Foreign Minister Sergei Lavrov will make yet another attempt to sell the Kremlin's idea of a new European security treaty at the Munich Security Conference, which kicks off Friday.

Officials in Moscow are putting on a brave face despite the fact that the proposed pact, a key part of President Dmitry Medvedev's foreign policy, has been more or less snubbed by NATO, the United States and the European Union.

"There is a host of countries that want to discuss the proposal with us, among them Spain and Italy," Foreign Ministry spokesman Igor Lyakin-Frolov told The Moscow Times on Thursday.

Lavrov will promote the treaty in a keynote speech Saturday, the spokesman said, adding that the conference would be "very useful" to discuss foreign policy with global leaders.

The conference, held since the early 1960s in the capital of the South German state of Bavaria, is best remembered in for then-President Vladimir Putin's famously hawkish "Munich speech" in 2007, which was followed by the worst post-Cold War phase of Moscow's relations with the West.

Last year, the same gathering became the turning point when, U.S. Vice President Joe Biden introduced the "reset button" as a symbol for the new administration's efforts to rebuild trust.

Yet analysts said Lavrov faces an uphill task because the West is unlikely to give up present security structures, which would be necessary to carry out Medvedev's pact.

NATO Secretary-General Fogh Anders Rasmussen said in December in Moscow that Medvedev's pact was not needed, because existing security structures were enough.

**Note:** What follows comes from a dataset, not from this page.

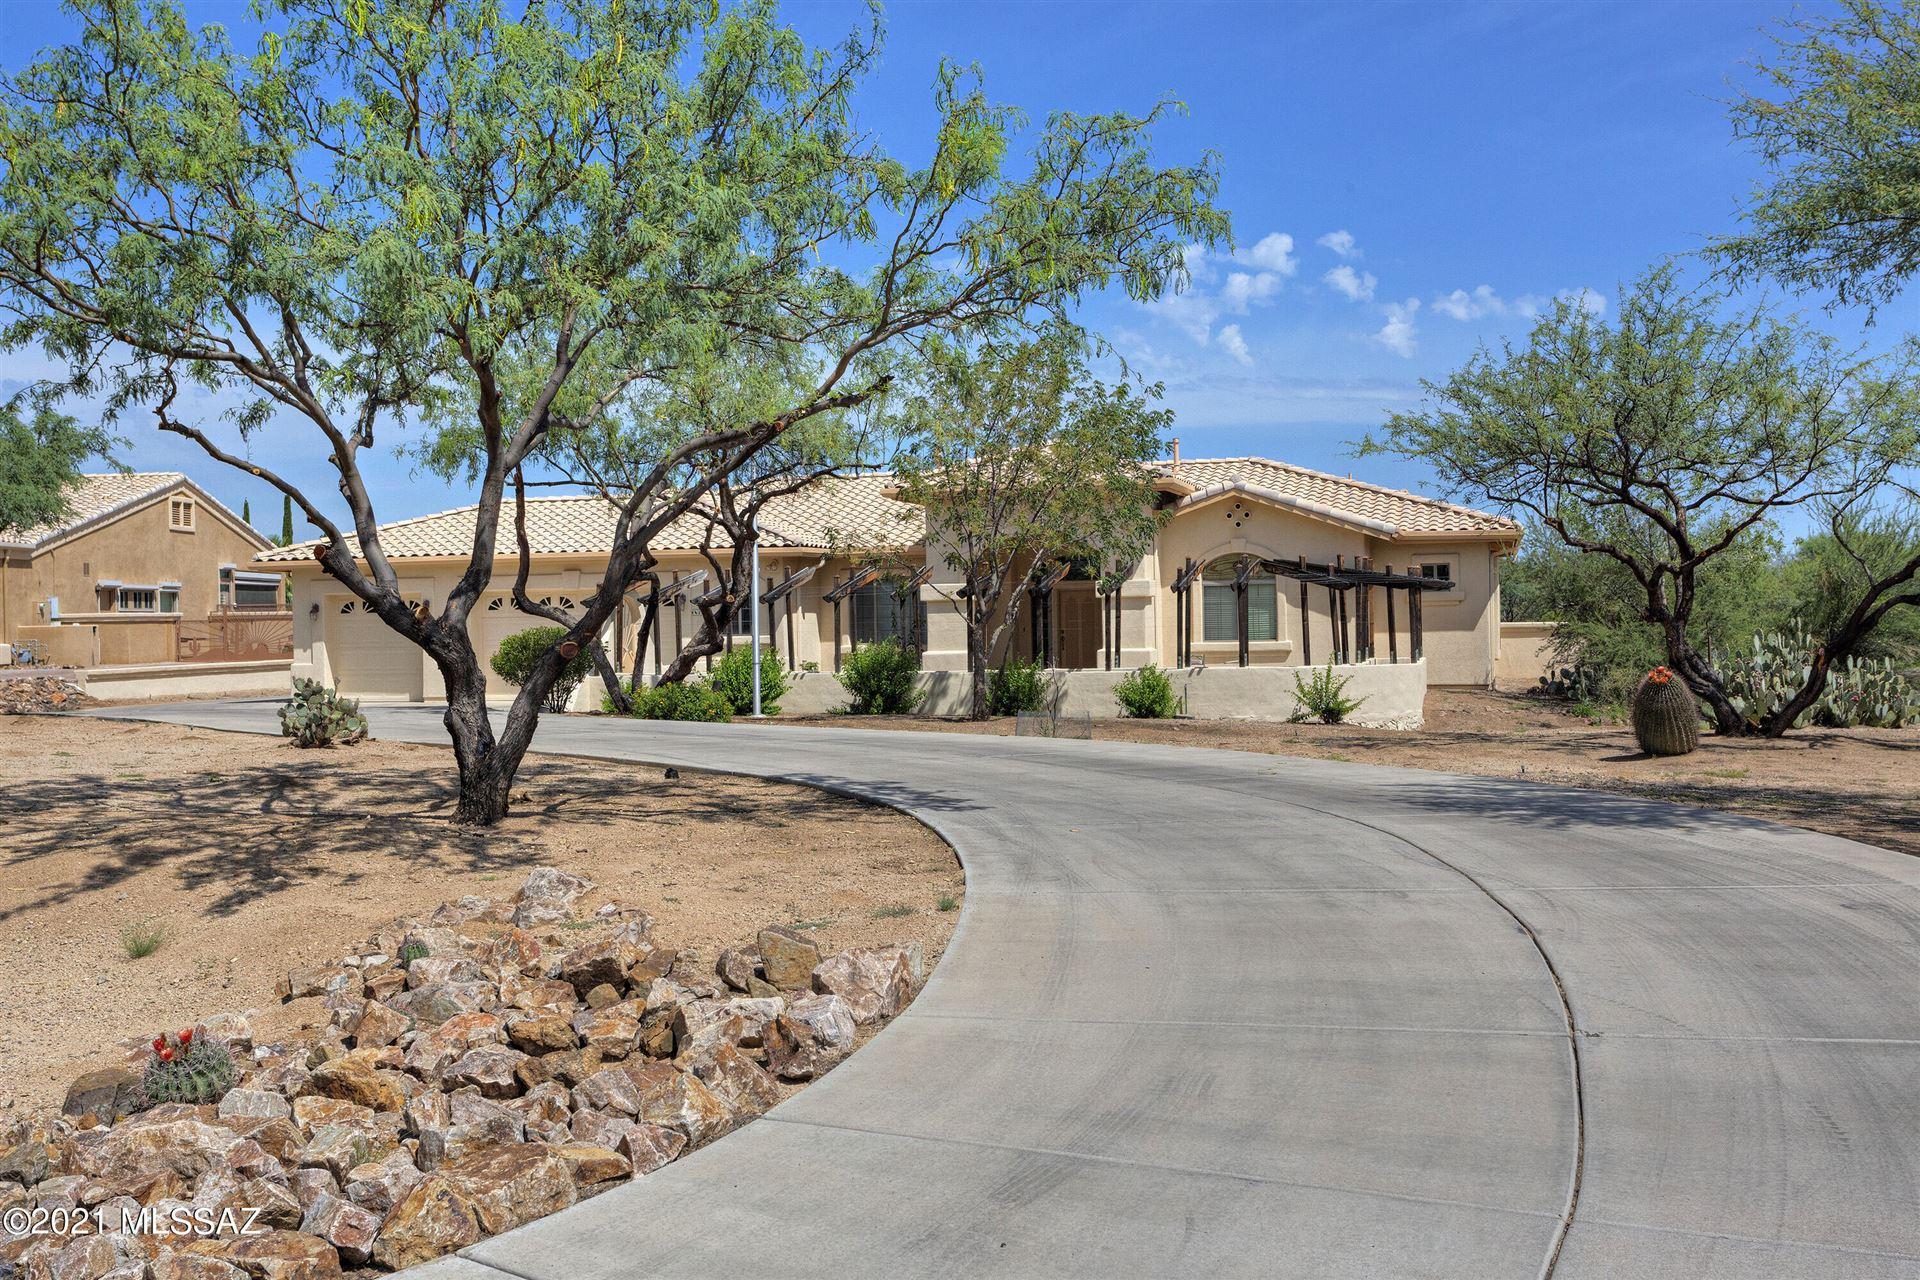 1258 W Bosque Drive, Sahuarita, AZ 85629 - MLS#: 22123208

EU leaders have said politely that the proposal should be discussed within the Organization for Security and Cooperation in Europe.

And last week U.S. Secretary of State Hillary Clinton said that while she shared the pact's main goals, negotiating new treaties would be too cumbersome.

Lavrov himself has expressed frustration about this, including last month when he characterized the treaty as a litmus test for Western honesty.

Foreign Ministry officials were adamant that Lavrov's speech would move things forward: "We hope that our Western partners will hurry up with an answer to the Russian initiative," a ministry source said, Kommersant reported Thursday.

Alexander Rahr, an expert with the German Council of Foreign Relations, said both sides were set for an impasse of polite diplomatic exchanges.

Russia knows that it will not get a definite answer, he said, because the West is not ready to back down but it does not want to antagonize Russia by saying no.

"This can go on for ever," he said by telephone from Berlin.

Lavrov will hold talks with German Foreign Minister Guido Westerwelle in Berlin before traveling to Munich, the Foreign Ministry said.

The Russian delegation also includes Deputy Prime Minister Sergei Ivanov, Foreign Ministry spokesman Lyakin-Frolov said. National Security Adviser James Jones will be the most senior Washington official to attend, U.S. media reported.

The event will also give officials from Russia and Georgia a chance to rub shoulders because Tbilisi is sending a delegation headed by Foreign Minister Grigol Vashadze, the Georgian Foreign Ministry said on its web site.

Relations between Moscow and Tbilisi remain frozen since both countries fought a brief war over the rebel province of South Ossetia in the summer of 2008.

Lyakin-Frolov said he had not heard of any planned meetings with the Georgian delegation.